Naughty Dog weaves this tragic tale between those big moments that are considered spoilers, and the big emotions in those moments certainly propel you toward the next story beat.
If anything, the spoilers softened the initial shock of certain actions, and let me appreciate them as a narrative device, divorced from my own personal anger. I had already gone through the emotional reaction to each “shocking” twist, and that let me sit back and take in the moments themselves, and their execution, within the story that Naughty Dog wanted to tell.
I knew that Joel killed Abby’s dad, but knowledge is not the same thing as experience. When I played as Abby in a flashback, and the game gave life to one of the thousands of people Joel murdered and then forgot about in the first game, it changed the context of everything that came before.
The game offers its own spoilers, built-in
The Last of Us Part 2 spoils itself, anyway. That’s one of the reasons the spoiler conversation is so strange when it comes to this game.
Image: Naughty Dog/Sony Computer Entertainment America via Polygon
The second part of the game is non-linear. Ellie kills Alice the German Shepherd, Mel, and Owen right before the play switches over to my control of Abby. I then spend hours getting to know these characters, and that happens after I know they will die.

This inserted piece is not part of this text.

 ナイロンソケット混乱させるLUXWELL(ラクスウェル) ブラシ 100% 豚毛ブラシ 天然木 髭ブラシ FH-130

I allowed myself to forget, for a moment, about their ultimate fate. I went on these journeys with them all the same, because in those moments, their life means more than their death. Who they were, and what they were trying to do, is more important than how they meet their end. These are the faceless folks that I have been demonizing the entire time, and I wanted to actually meet them. I’m glad I did, as they made my lack of thought about previously killing them feel particularly selfish.
This is how we all live
Here’s the truth of life: We’ve all been spoiled as well. We know our parents will die, if they’re still alive. We adopt animals knowing they won’t be with us as long as we’d like. We know, for a fact, that we ourselves will one day die.
Knowing what’s going to happen doesn’t lessen the impact of any of those things happening. It’s not the event itself that is the most important thing, or the hardest to deal with.

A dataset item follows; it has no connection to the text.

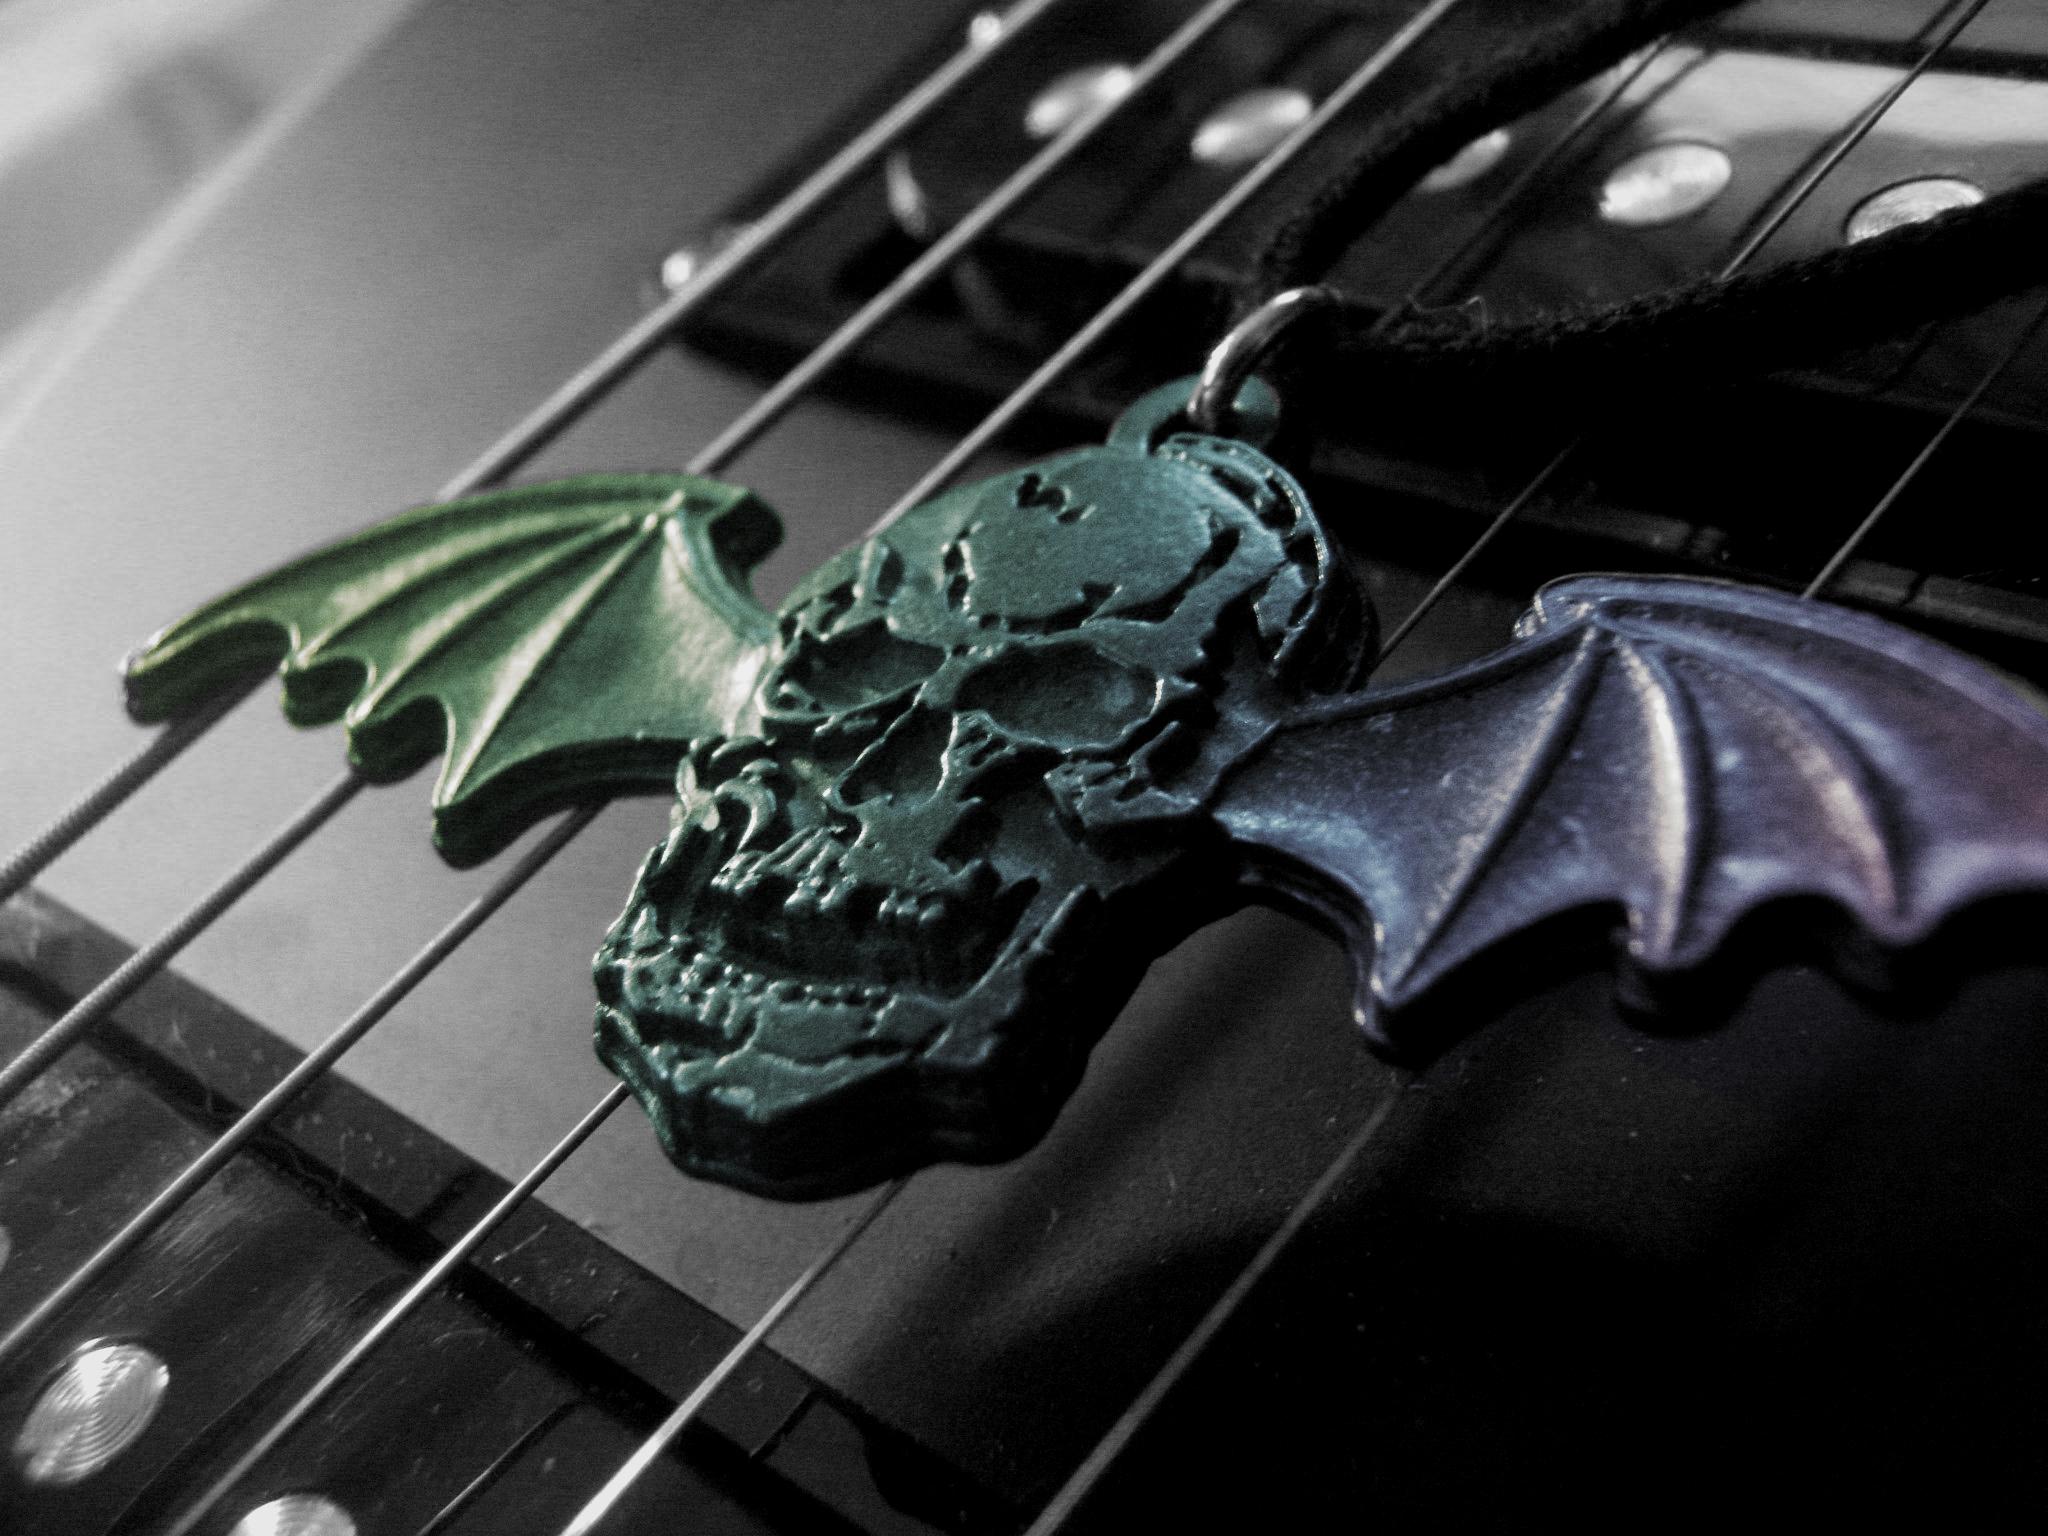 Free Download Deathbat Wallpaper Deathbat D By Violetwidows

Going into a game like this after being spoiled feels natural in that context. I went in curious: I didn’t know how the game was going to keep my attention for 30 hours, and whether it could drag me through its horrific depths even though I wasn’t hanging onto the question of what would happen next. It didn’t hurt that the spoilers were never totally accurate; there was still room for me to be surprised.
I kept returning for the little moments, not the big events. A conversation between two characters about their feelings and pain, a joke that makes an impossible moment bearable, a song on the guitar. Knowing that each of these tiny moments takes place with characters I know won’t make it gives their eventual death more meaning, not less.
We never know how much time we’ll have with a loved one until it’s too late. But I cheated, and made sure to cherish every moment I had left with Joel. It made the game better, and the loss hit like a sledgehammer once I realized how wrong I was about its timing.
That’s the problem with knowing what’s going to happen; we still never see it coming.